Updated 27 Nov, 2023 07:49am

PSDP funds: A tool for political gains

Distributive politics is at the core of Pakistan’s electoral system, where the ‘electability’ of an individual politician is believed to largely depend on their ability to secure resources to fund ‘development schemes’ or public services in their respective constituencies once the voters return them to the assemblies.

No wonder the ruling parties allocate state resources, especially the annual development budgets, in such ways that maximise political gains for them and improve the electoral chances of their candidates during the elections.

The parliamentarians are granted large funds in the annual national and provincial budgets to finance schemes within their constituencies to improve their chances of reelection.

A study on electoral incentives and the allocation of public funds on the impact of distributive politics in the Journal of the European Economic Association shows such allocations are made potentially at the cost of lower welfare. A central function of governments, the study says, is the provision of public goods and services.

The allocation of resources under the caretaker government raises concerns about the fairness of distribution, particularly during an election year

In 2020, governments worldwide spent, on average, more than 32.4 per cent of their countries’ GDP on these goods and services. “When allocated efficiently, these expenditures can be important drivers of economic development and key determinants of the quality of life. But, public expenditures are often allocated across regions by politicians who compete for reelection, and this competition can create political incentives that distort how public funds are spent relative to the social optimum.”
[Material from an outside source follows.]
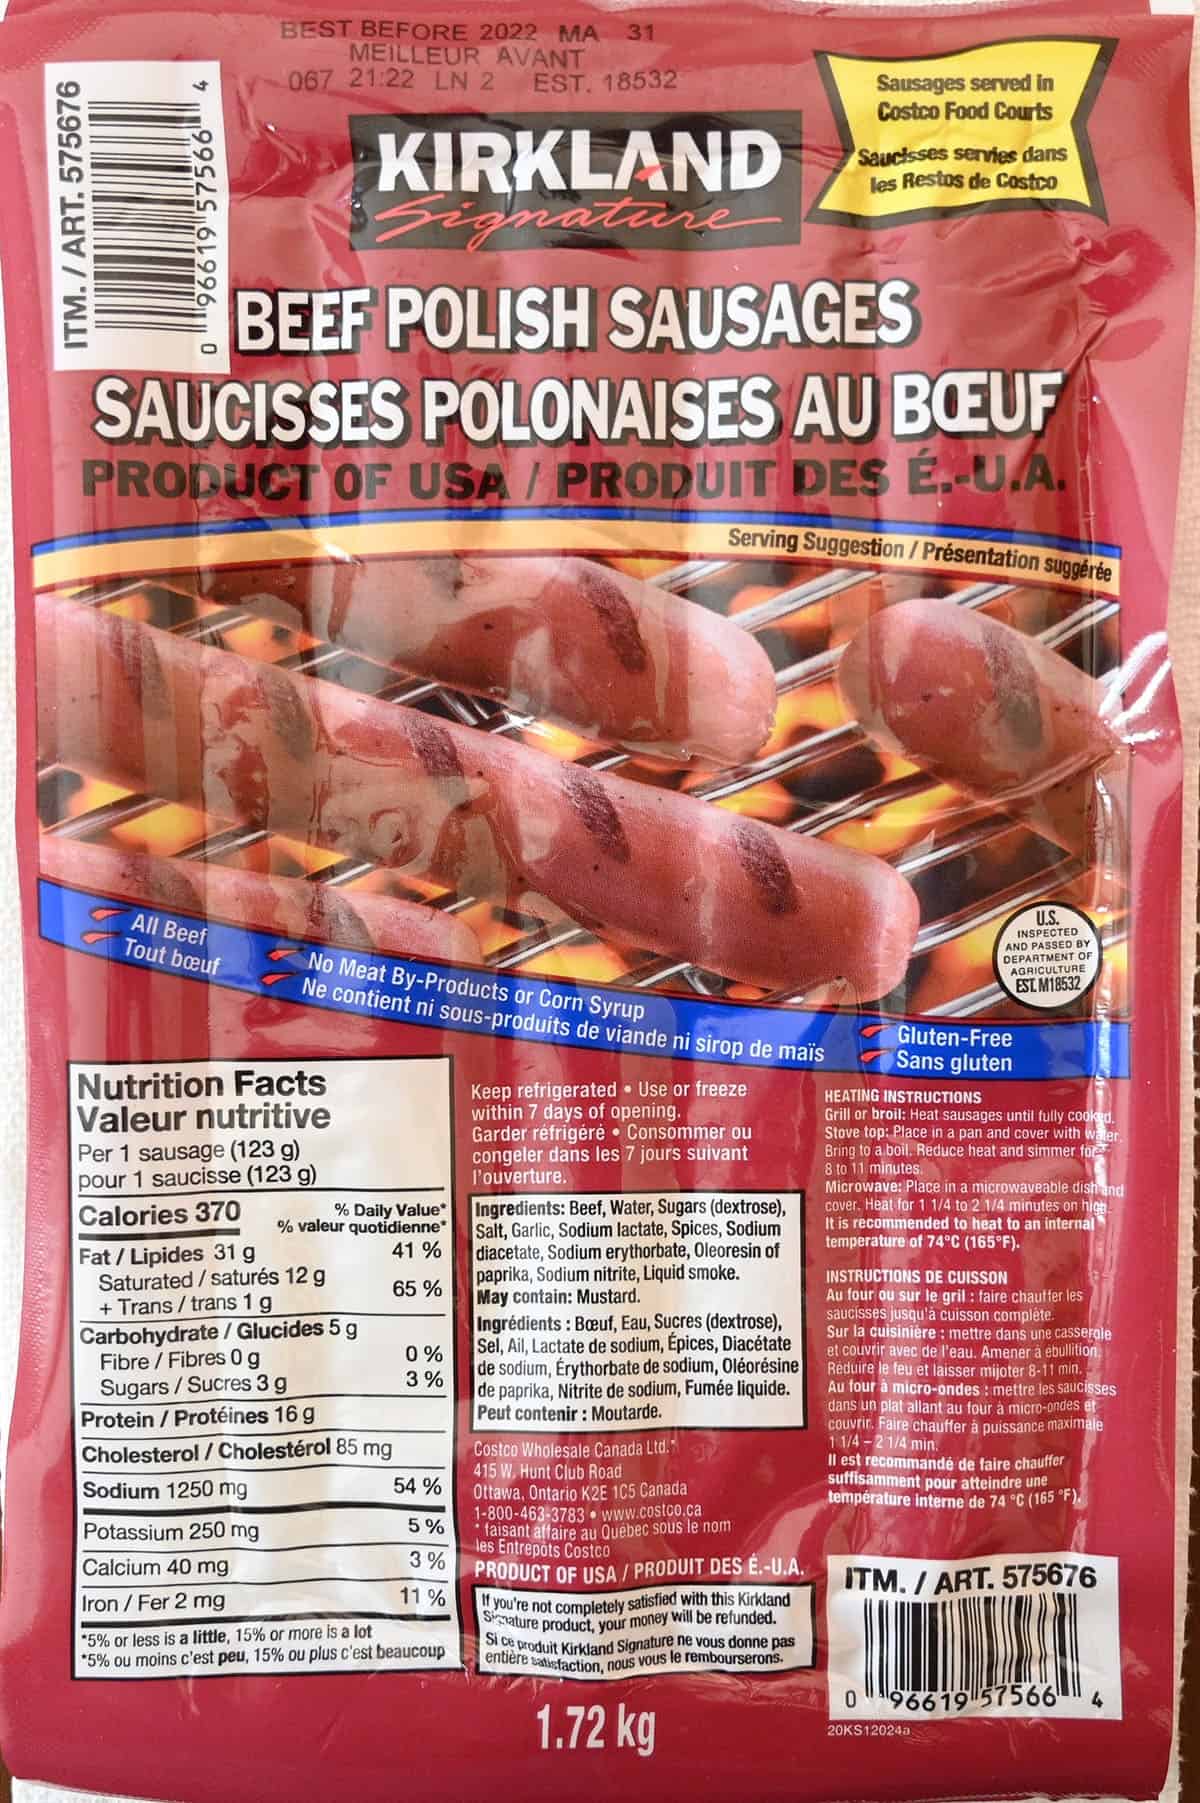 Costco Kirkland Signature Beef Polish Sausages package, close up image.

These findings also apply to Pakistan, where major parties have mastered the art of political patronage to create small to large pockets of support among the voters through local networks kept together by the state funding of development in the constituencies.

Punjab’s development model built under the PML-N, which has intermittently ruled the province since 1988, is a classic example of political patronage where development projects have had significant political consequences at the expense of the economic progress of various regions of the province.

Adnan Rehmat, a journalist, wrote in his article published by Arab News, an online newspaper, a couple of years ago: “Money, politics and power are closely tied everywhere there is any kind of functional democracy. The standard practice is that legislators make budgets, and bureaucrats implement development work using the allocations. But Pakistan has a history of legislators wanting the budgets to implement development schemes in their electoral constituencies themselves, and governments usually succumbing to the pressure to let their legislators bypass and undermine the country’s three-tier governance system in doing so.”

Commenting on the then PTI government’s decision to grant development funds to its legislators, he wrote: “Even Imran Khan had done so despite in the past being a vehement opponent of the practise and rightly dubbing development funds as ‘political bribes’ by ruling parties to keep party legislators loyal.”

With its political fortunes falling over unprecedented inflation during its 16-month rule closer to the new general elections, the previous Pakistan Democratic Movement (PDM) coalition led by the PML-N had generously increased the size of the discretionary spending on the politically motivated programme, known as the Sustainable Development Goals (SDGs) Achievement Programme (SAP), through parliamentarians by 59 per cent to Rs111 billion during last fiscal year in spite of tough fiscal and balance of payment conditions.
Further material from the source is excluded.